7. Excretion: sweat contains urea, however its concentration is 1/130th that of urine, hence excretion by sweating is at most a secondary function to temperature regulation.
8. Absorption: the cells comprising the outermost 0.25–0.40 mm of the skin are “almost exclusively supplied by external oxygen”, although the “contribution to total respiration is negligible”. In addition, medicine can be administered through the skin, by ointments or by means of adhesive patch, such as the nicotine patch or iontophoresis. The skin is an important site of transport in many other organisms.
9. Water resistance: The skin acts as a water resistant barrier so essential nutrients aren’t washed out of the body.
Because our skin does so many wonderful things for us, it is imperative that we care for it well.

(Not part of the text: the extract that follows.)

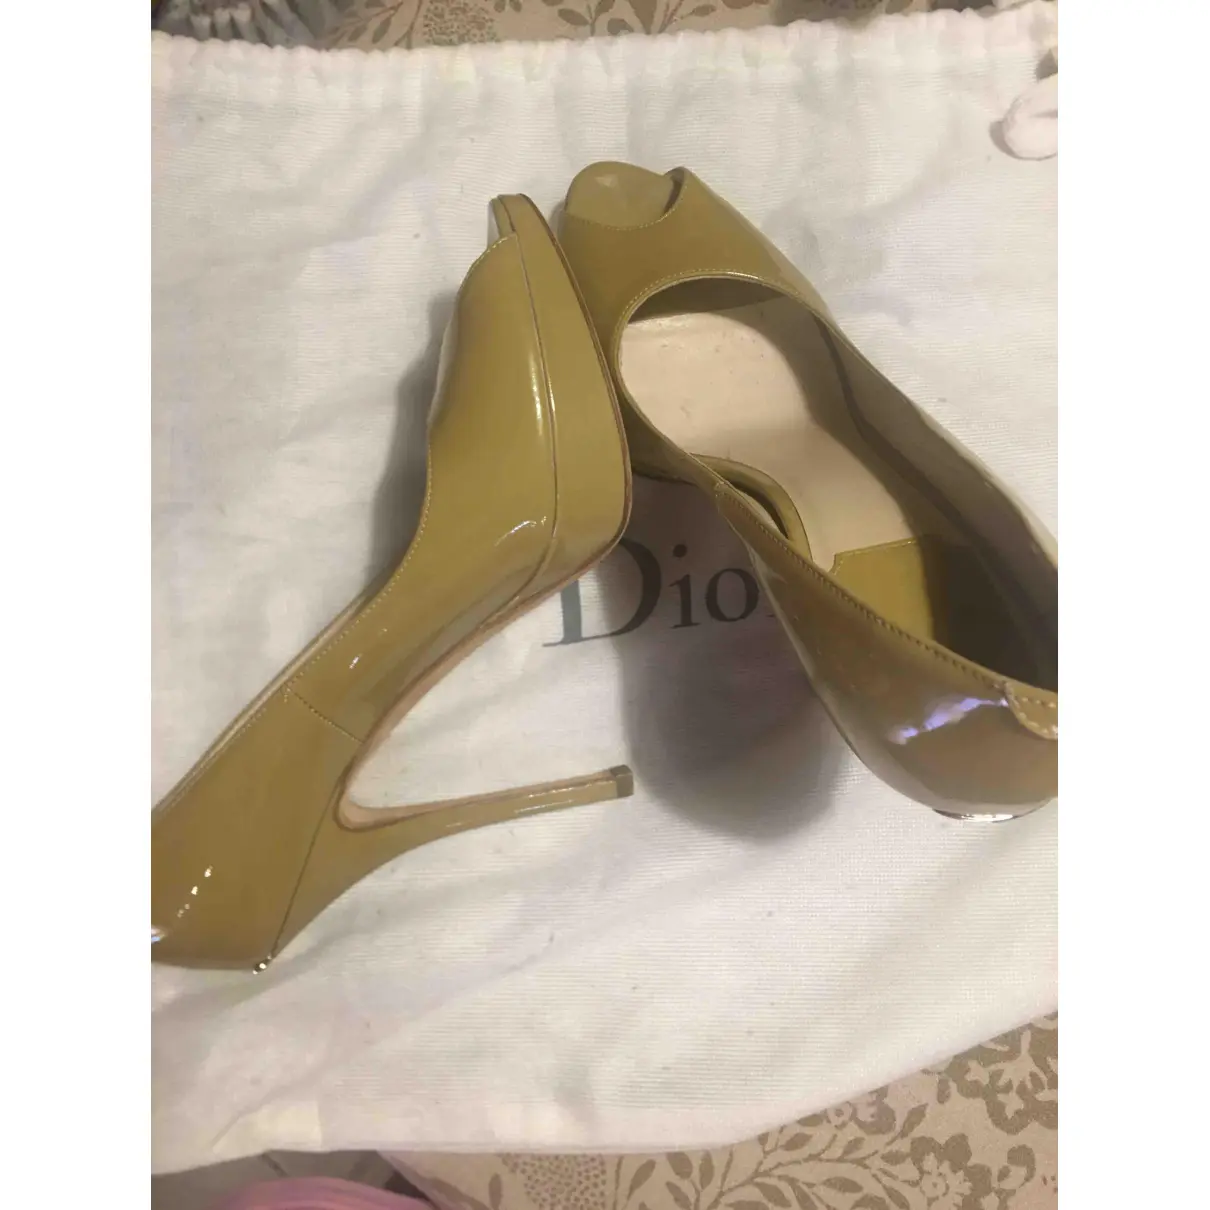 Miss Dior Peep Toes patent leather heels Dior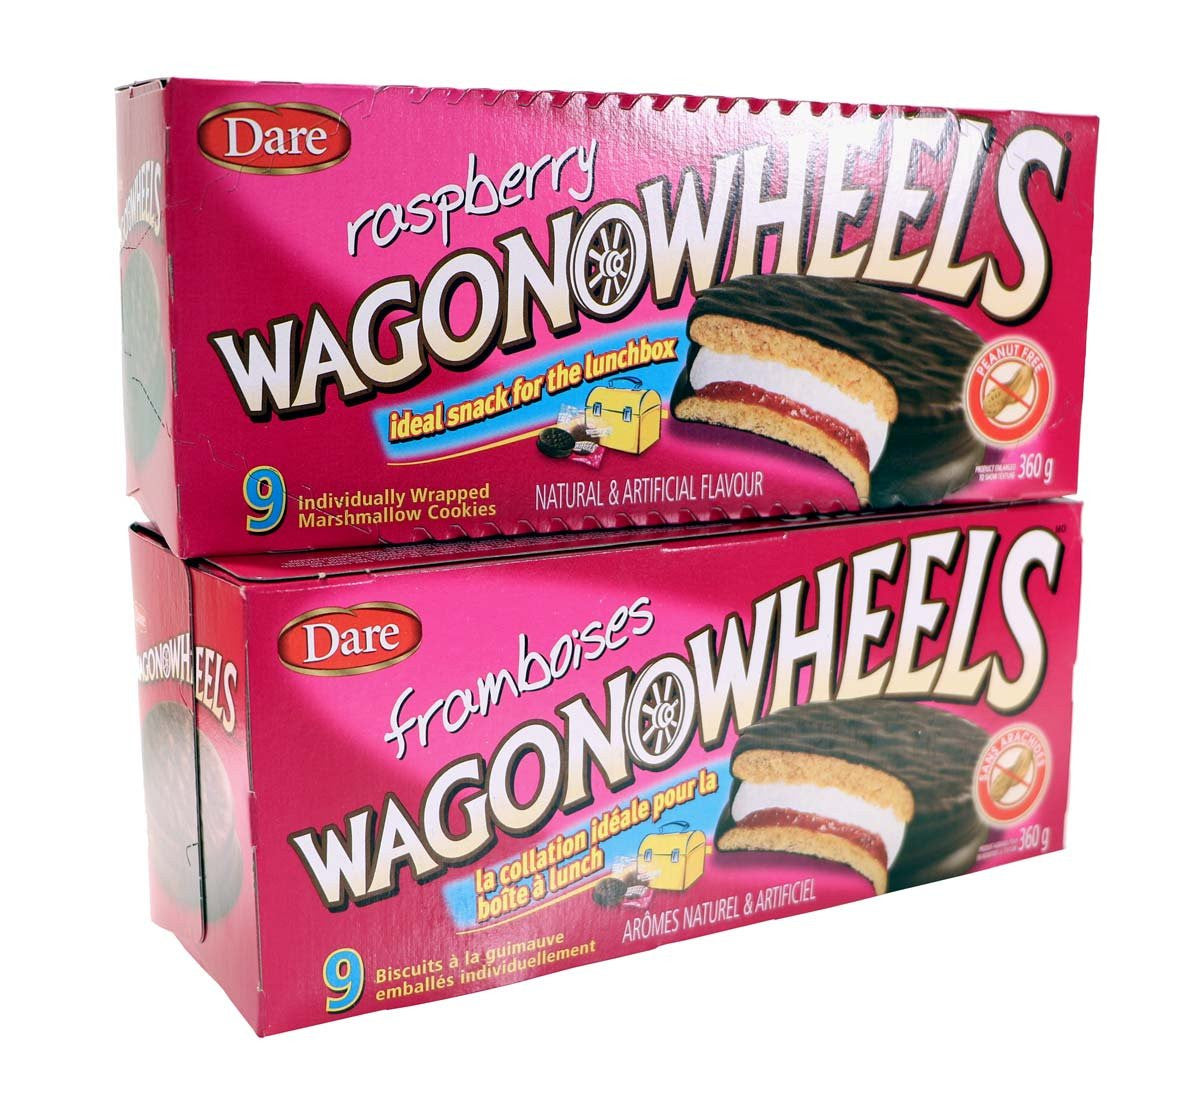 Dare Raspberry Wagon Wheels Cookies 9ct, (2-pack){Imported from Canada}

Adequate nutrition and hydration are most important for the skin, as it is true for all cells of the body. The cells of the skin need to consume quality and adequate nutrients and eliminate waste as do all cells. When imbalance occurs within the system, it means that one of these basic functions is less than optimal. Either there is alack of quality, balance of nutrients entering the cells, or the eliminatory organs are back up, overloaded or shut down. The results will be clogged pores, white or black heads, cysts, acne,yeast or fungal rashes, etc. The bacteria that lives off of morbid waste will live off poorly digested material and perpetuate a disrupted healthy skin ecology.
Exfoliating the skin from head to toe is an excellent way to keep your pores unclogged and open for proper elimination through and out the body. Remember, what goes in, must come out. The body is in a continuous state of consuming and eliminating through all of the digestive and eliminatory organs. The skin is only one of those. Health of the other organs is imperative because if any organ is not working optimally, the other organs must pick up the slack. We must be as strong as our strongest organ; otherwise the weak link will pull down the system. Fresh organic fruits and vegetables, as well as high quality foods suitable to your particular constitution, combined with just plain old soap and water goes a long way.
Keep the pores free of lotions, sun screens and make up a soften as possible, as these will clog pores and inhibit the natural flow and always consult a licensed N.D. with any specific health concerns you have, as God made us all so unique and we must respect and cherish our own individuality.